Data below >>

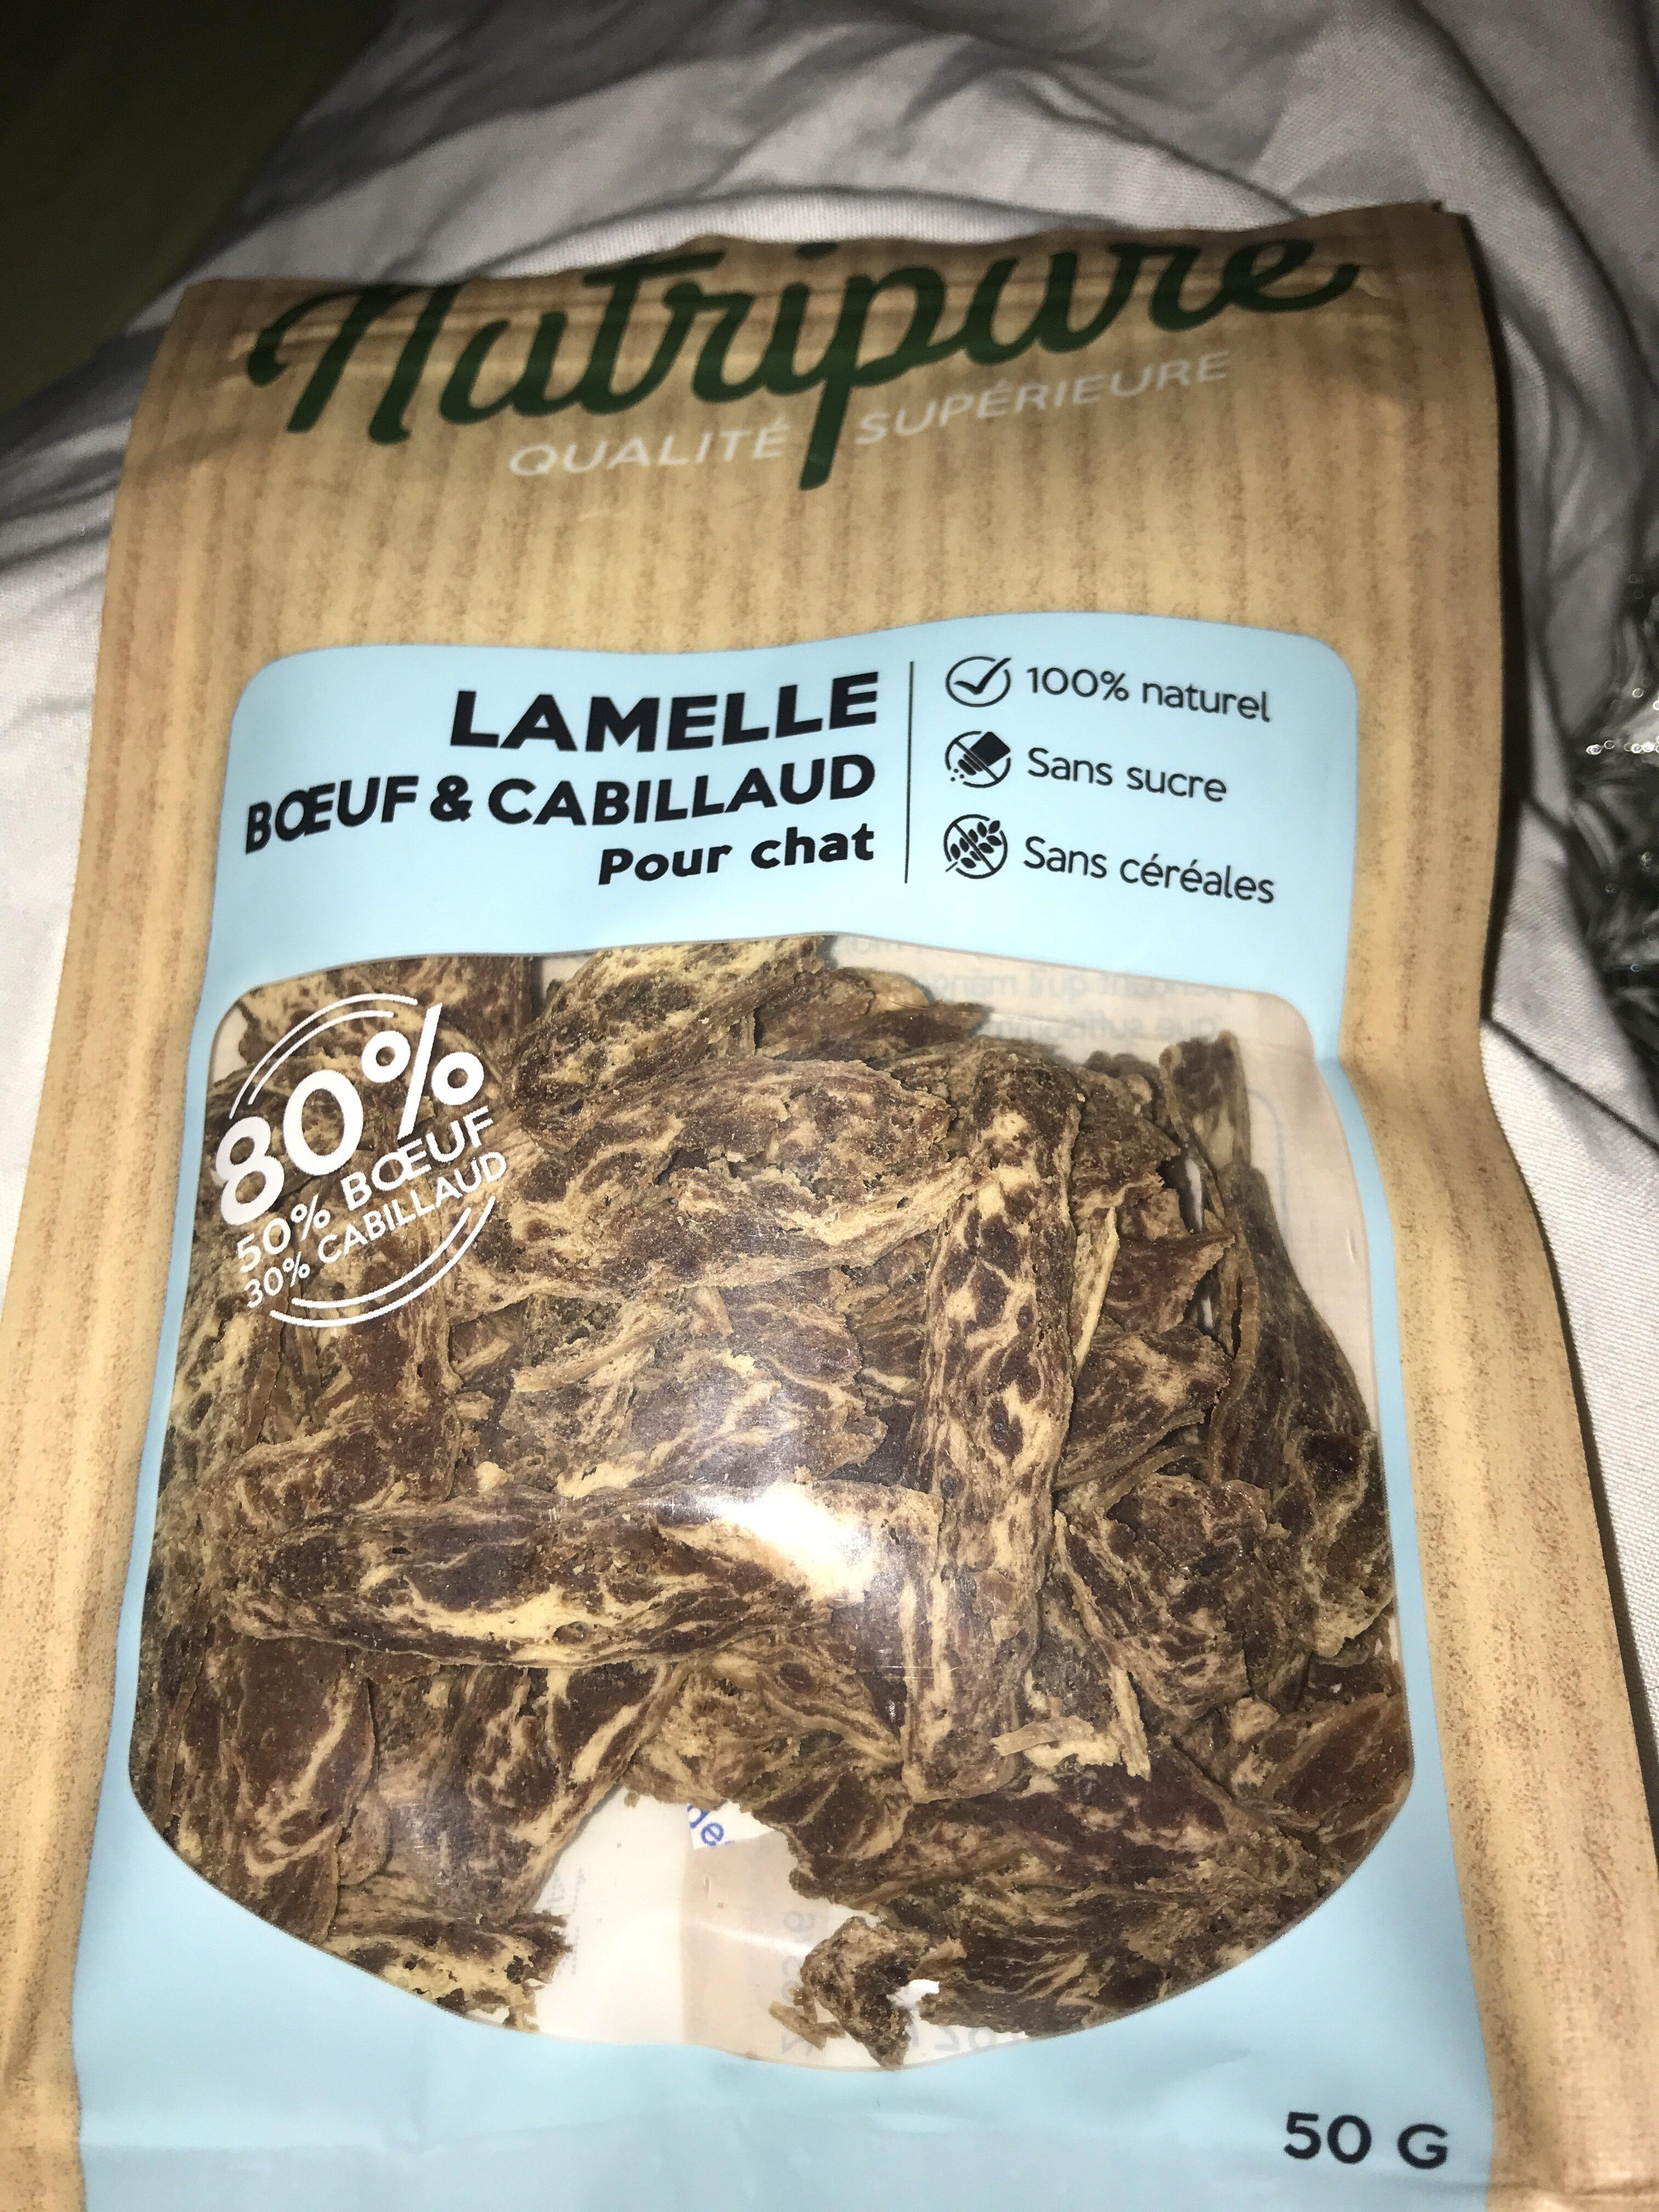 Lamelle bœuf & cabillaud - Product
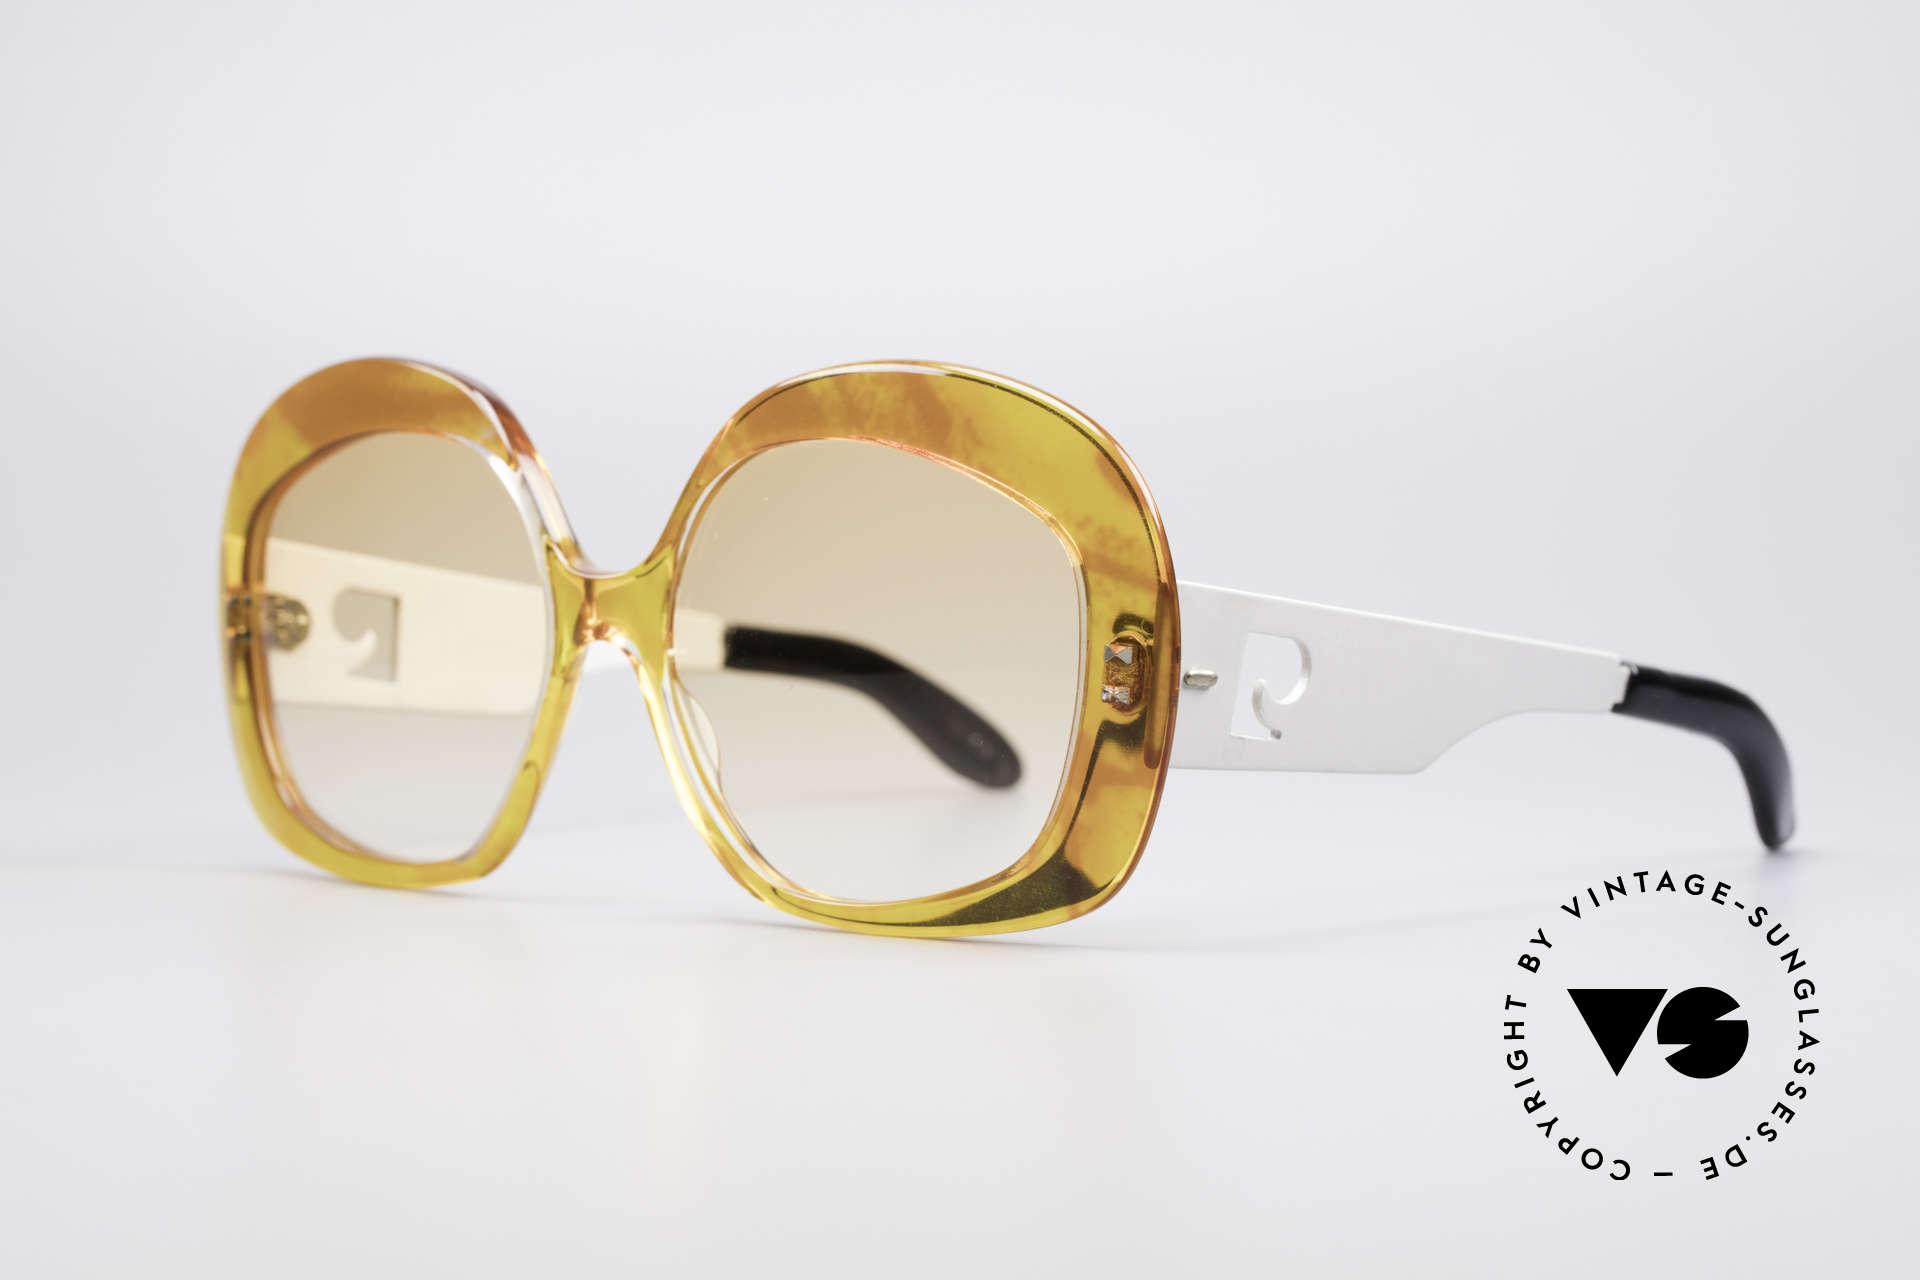 Pierre Cardin 734 XXL 70's Sunglasses, oversized XL frame - striking styling; eye-catcher!, Made for Women
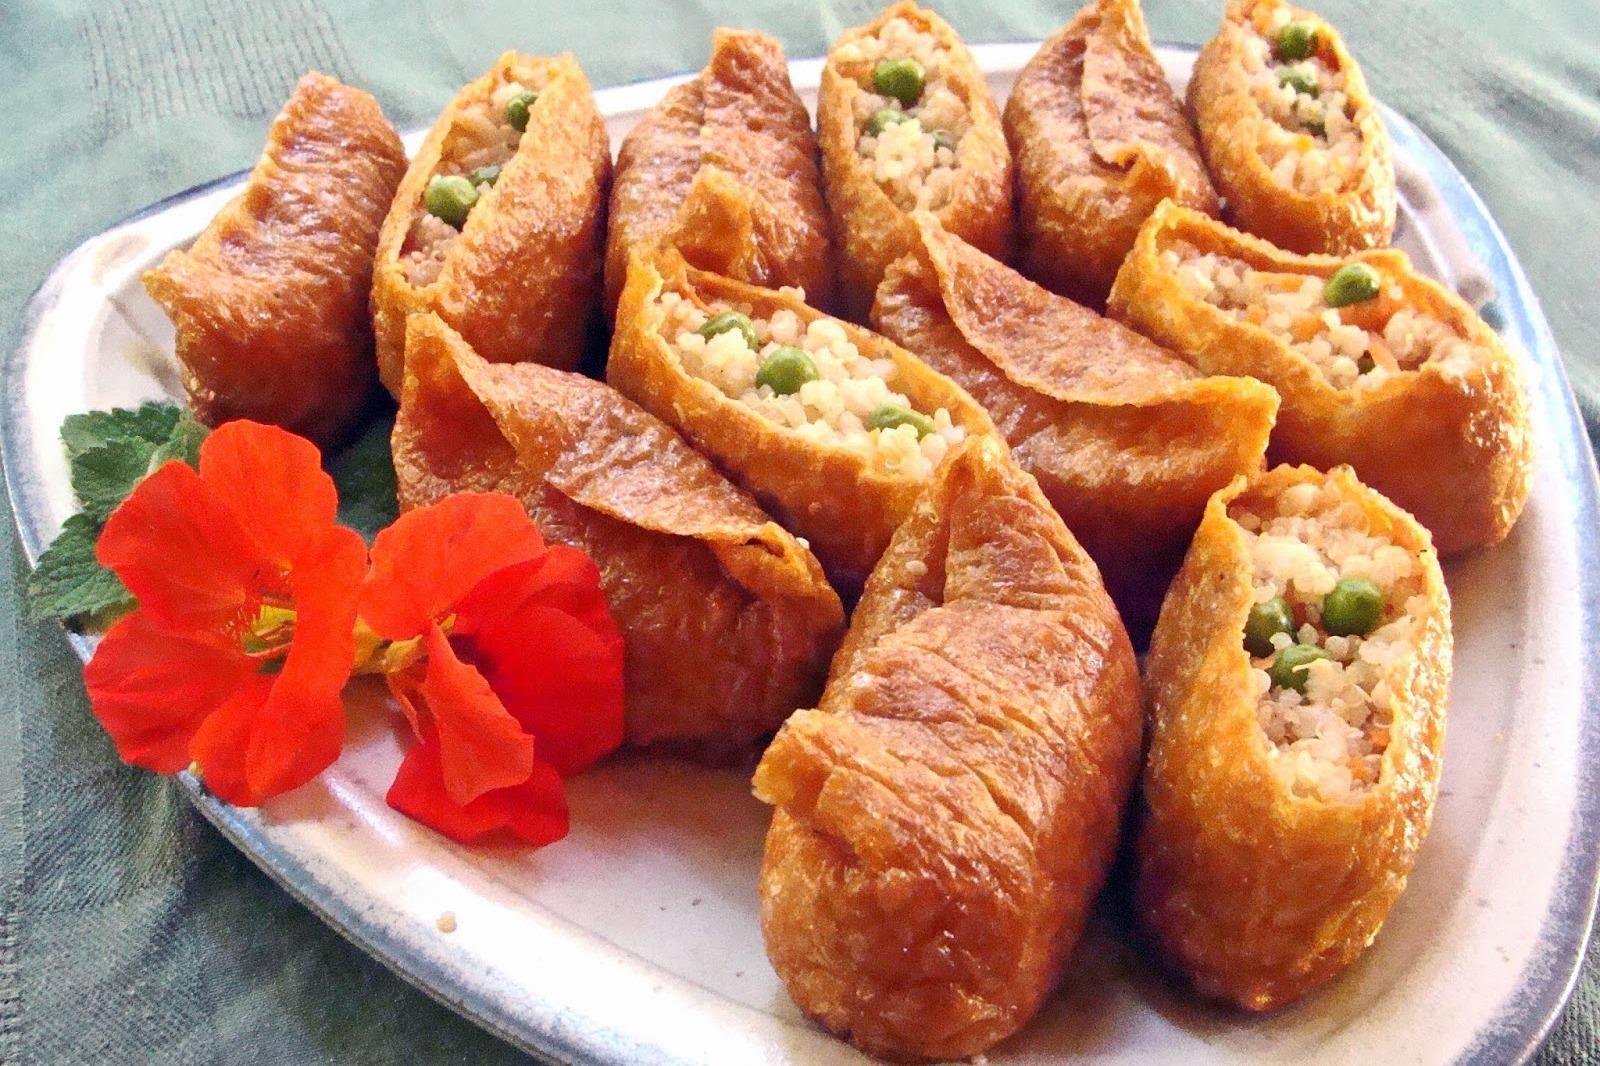 Multi-Whole-Grain Inari Sushi (Sushi Grains in Fried Tofu Pockets) [Vegan]

Required action >>
Copy out all the data above exactly as written. Skip the pictures.

Your response >>
 Lamelle bœuf & cabillaud - Product
 Pierre Cardin 734 XXL 70's Sunglasses, oversized XL frame - striking styling; eye-catcher!, Made for Women
 Multi-Whole-Grain Inari Sushi (Sushi Grains in Fried Tofu Pockets) [Vegan]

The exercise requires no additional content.